The Geeks Who Saved Prince of Persia’s Source Code From Digital Death: This is the most fun story of any of those in this list. Be sure to follow the dramatic events as the original source code for the Apple II version of Prince of Persia makes it’s way off it’s original media and up onto Github.

Toward a Library of Virtual Machines: Insights interview with Vasanth Bala and Mahadev Satyanarayanan: This interview goes into some depth on the design of the Olive Library project. One quote is particularly salient on the potential importance of software preservation: “as all fields of scientific investigations rely on complex simulation and visualization software, the ability to archive these software artifacts in executable form becomes essential for reproducibility of scientific results. Software preservation also enables long term data preservation. Today’s data formats may become obsolete tomorrow, unless the software applications that process those formats are also preserved”

Emulation: From Digital Artefact to Remotely Rendered Environments: Dirk von Suchodoletz, Jeffrey van der Hoeven 2009;  While not directly focused on software preservation, a section of the paper articulates the focuses on some of the needs for and various problems in constituting software archives. Here is a valuable quote “the original software also needs to be preserved if digital objects are to be kept alive via emulation. Guidelines similar to those created for digital objects themselves must be brought to bear in order to safeguard emulators, operating systems, applications and utilities. That is, software should be stored under the same conditions as other digital objects by preserving them in a OAIS-based (ISO 14721:2003) digital archive.”

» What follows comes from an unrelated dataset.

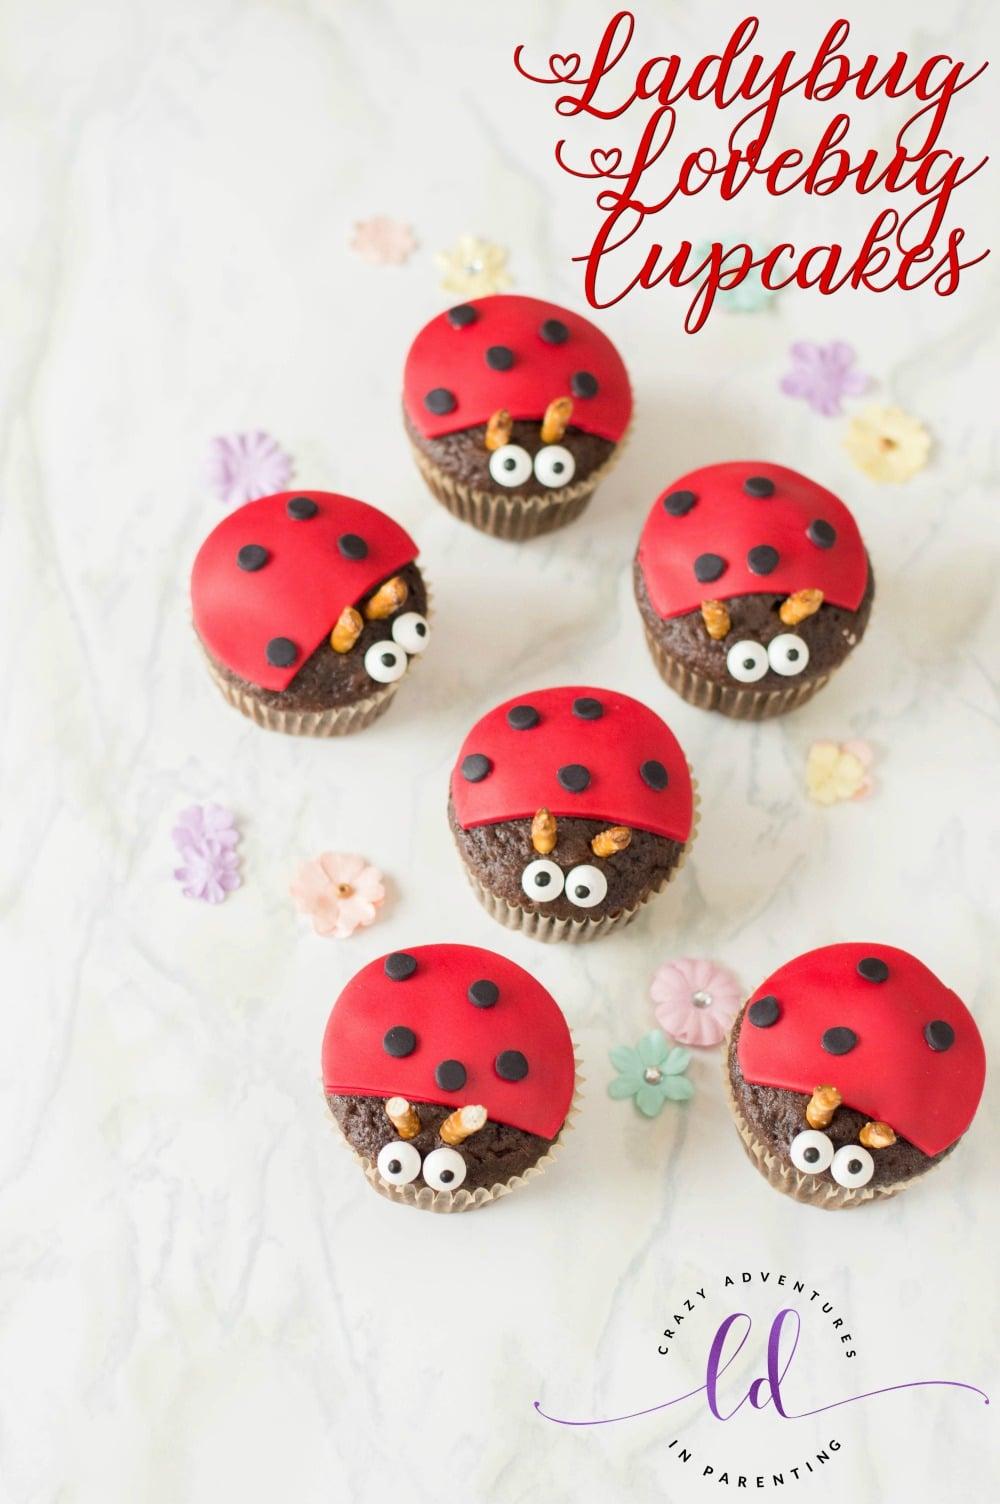 Ladybug Lovebug Cupcakes for Valentines

Preserving Virtual Worlds Final ReportMcDonough, J., Olendorf, R., Kirschenbaum, M., Kraus, K., Reside, D., Donahue, R., Phelps, A., Egert, C., Lowood, H., & Rojo, S. (2010). At 187 pages, this is more of a book than an essay, but it’s full of valuable exploration and discussion of the various issues, problems, and opportunities around preserving video games.

The Attic & the Parlor: Notes from a Workshop on Software Collection, Preservation & Access: The Computer History Museum’s Software Preservation Group hosted what looked to be a fascinating workshop in 2006. You can find the proceedings and presentations online and their wiki also includes a rather extensive directory of software collections. The Attic & Parlor notion in the title focuses on a distinction between highly curated collections and sprawling “gather it all up” collections. This, like the preserving virtual worlds report, focus on the value of collecting source code.

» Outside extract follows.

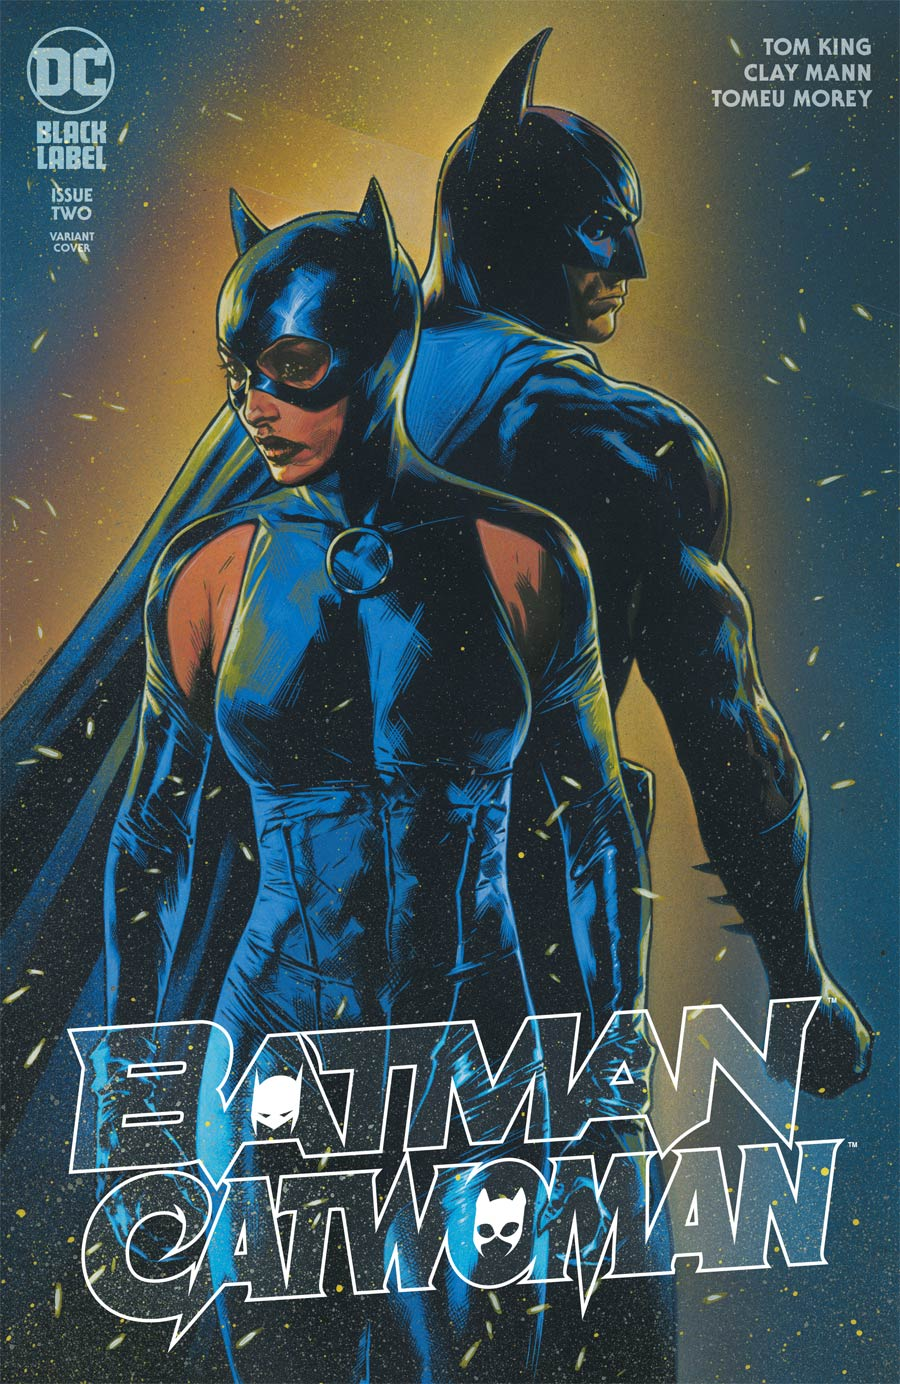 Batman Catwoman #2 Cover C Variant Travis Charest Cover

What should we collect to preserve the history of software? Shustek, L. (2006). IEEE Annals of the History of Computing, 28(4), 112 – 111. Another strong argument for preserving source code. “I argue that unless we collect, preserve, and interpret the software code in addition to the related artifacts, we have discarded the software’s intellectual essence. Emphasizing collateral materials puts the focus on the history of products and downplays the development of the scientific and engineering accomplishments that underlie them.”

Preserving Software: Why and How John G. Zabolitzky, Iterations: An Interdisciplinary Journal of Software History 1 (September 13, 2002): 1-8. Zabolitzky makes an impassioned argument for urgent action on software preservation and similarly makes an appeal for the preservation of original source code. “the evolution of software methods, techniques, styles, etc., is described in many books and articles. However, all of that is essentially hearsay: what actually has been done (and what may be different from what the active players in this area may report since they might have wished to do something different) can only be discerned and proven by examining the source code. The source code of any piece of software is the only original, the only artifact containing the full information. Everything else is an inferior copy.”

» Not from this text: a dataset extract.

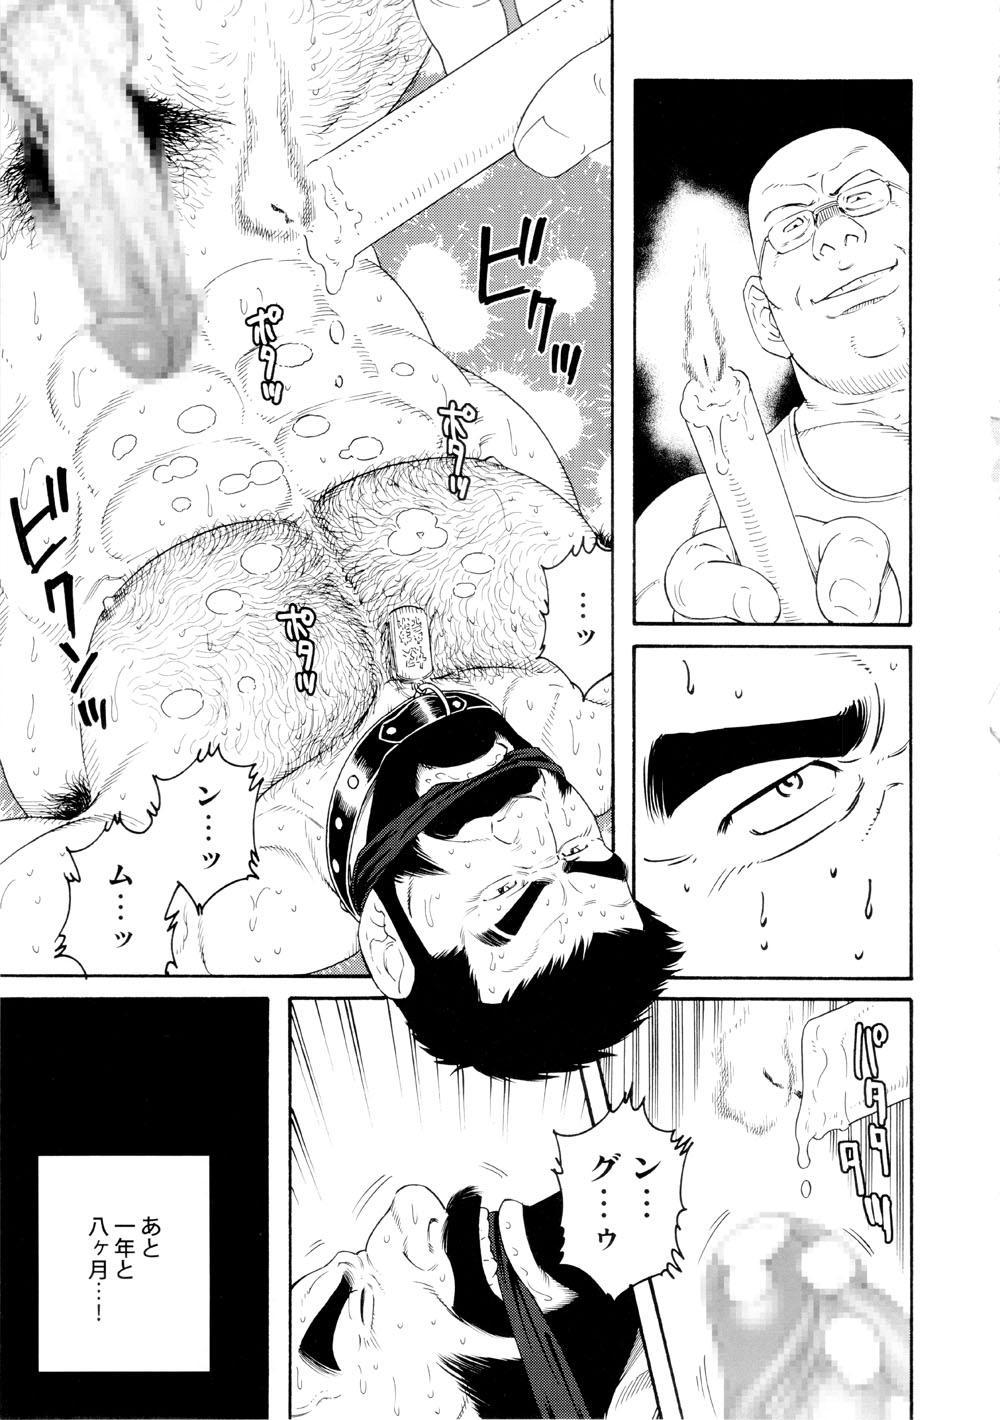 Genryu Chapter 3 4

What essential readings would you add to a list like this? Please consider taking a moment to add them in the comments. Also, feel free to use this comment thread as a place to discuss the various ideas and approaches advocated for in these readings?

All In! Embedded Files in PDF/A

Wouldn’t it be great to have a single technical solution that solves all your long-term digital archiving, stewardship and preservation needs? Perhaps a file format with millions of users, widespread adoption across different computing platforms, free viewers and open documentation? A lot of hopes and dreams have been poured into the idea of “one preservation …

Read more »

November 2012 Library of Congress Digital Preservation Newsletter

The November 2012 Library of Congress Digital Preservation Newsletter is now available. http://www.digitalpreservation.gov/news/newsletter/201211.pdf In this issue: Activist Archivists preserving content from the Occupy Wall Street movement Mapping the Federal geospatial stewardship efforts Interviews with: Lori Emerson, Director of the Media Archaeology Lab; Peter Van Garderen and Courtney Muma, Archivematica; and Christie Moffatt and Jennifer Marill, …

Read more »

Step-by-Step Management of Born-Digital Content Received on Physical Media

I like lists. I particularly like ordered lists. I’ve even read a book about checklists. Which is one of the reasons I wanted to point out a recent OCLC report, You’ve Got to Walk Before You Can Run: First Steps for Managing Born-Digital Content Received on Physical Media(PDF). The report focuses on practical approaches institutions …

Read more »

Using Wayback Machine for Research

The following is a guest post by Nicholas Taylor, Information Technology Specialist for the Repository Development Group at the Library of Congress. Prompted by questions from Library of Congress staff on how to more effectively use web archives to answer research questions, I recently gave a presentation on “Using Wayback Machine for Research” (PDF). I …

Read more »

Revisiting NISO’s “A Framework for Building Good Digital Collections”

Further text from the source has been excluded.